Shares of South Indian Bank are in news today after the lender reported its Q2 business updates. Also, the bank said Infomerics Ratings has assigned a 'Stable' outlook as it expects that the bank will continue to grow its business on the back of comfortable capitalisation and established presence while maintaining healthy asset quality and profitability.
Meanwhile, gross advances rose 13.07% on a yearly basis to Rs 84,741 crore. The lender reported a 8.62% growth in deposits at Rs 1.05 lakh crore in the September 2024 quarter compared to Rs 97,085 crore in the same period last year.
The stock closed 0.24% lower at 24.54 on Tuesday against the previous close of Rs 24.60 on BSE. Total 14.81 lakh shares of the firm changed hands amounting to a turnover of Rs 3.65 crore on BSE. Market cap of the bank stood at Rs 6420 crore on BSE.
South Indian Bank shares have a beta of 1.1, indicating very high volatility in a year.
The stock has gained lost 1.72% in a year but risen 181% in a span of two years.
CASA ratio in the last quarter fell 18 basis points to 31.85% from 32.03% in the year-ago quarter. A higher CASA ratio indicates a lower cost of funds since lenders do not usually give any interest on current account deposits and the interest on savings accounts is low.
In June 2024 quarter, South Indian Bank's gross advances rose 11.4% on a yearly basis to Rs 82,510 crore. The lender had also reported an 8.4% growth in deposits at Rs 1.04 lakh crore during the period.
Core net interest income in Q1 had grown by 7% to Rs 808 crore, on the back of an 11% growth in overall advances and 0.08% decline in the net interest margin at 3.26%. The net profit for the first quarter stood at Rs 294 crore, up 46% year on year.
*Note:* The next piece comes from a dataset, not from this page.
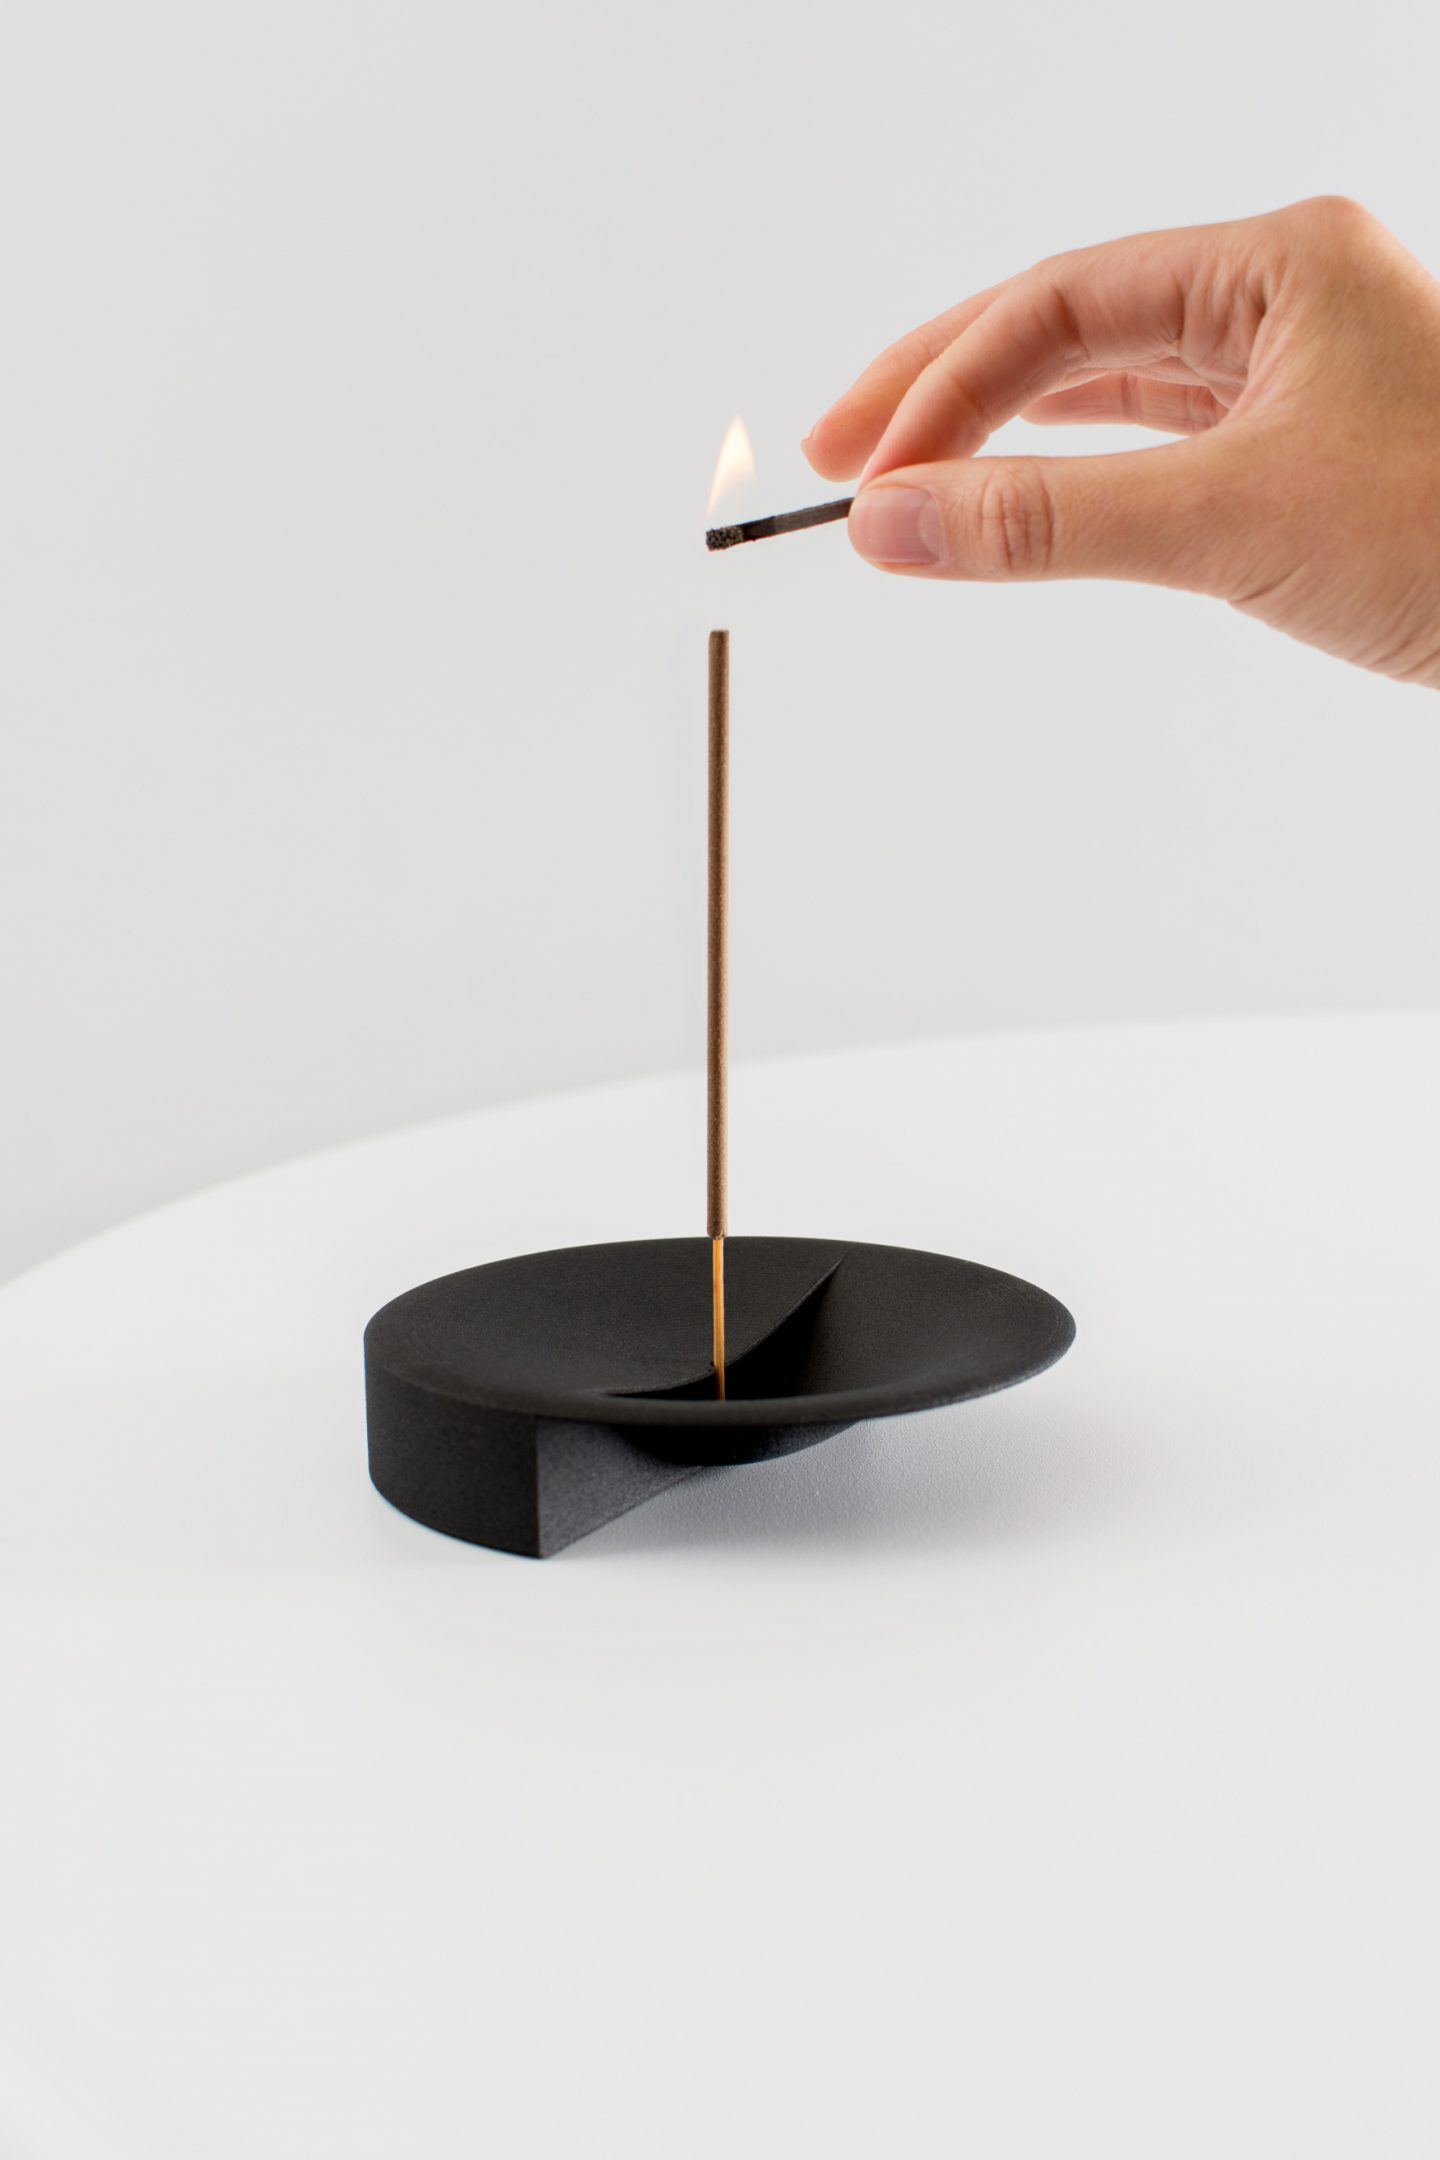 iGNANT-Design-Lukas-Peet-Scent-Tray-008

Other income climbed 16.8% to Rs 422 crore. On the asset quality front, the proportion of gross non-performing assets in the June quarter stood at 4.5%, lower as compared to 5.13% in the year-ago period.
Infomerics ratings has assigned “Issuer ratings” as it derives comfort from sustained improvement in the earnings profile of the bank, granular and diversified loan book, comfortable capitalisation and moderate resource profile. However, the ratings are constrained by average, albeit improving asset quality and regionally concentrated operations.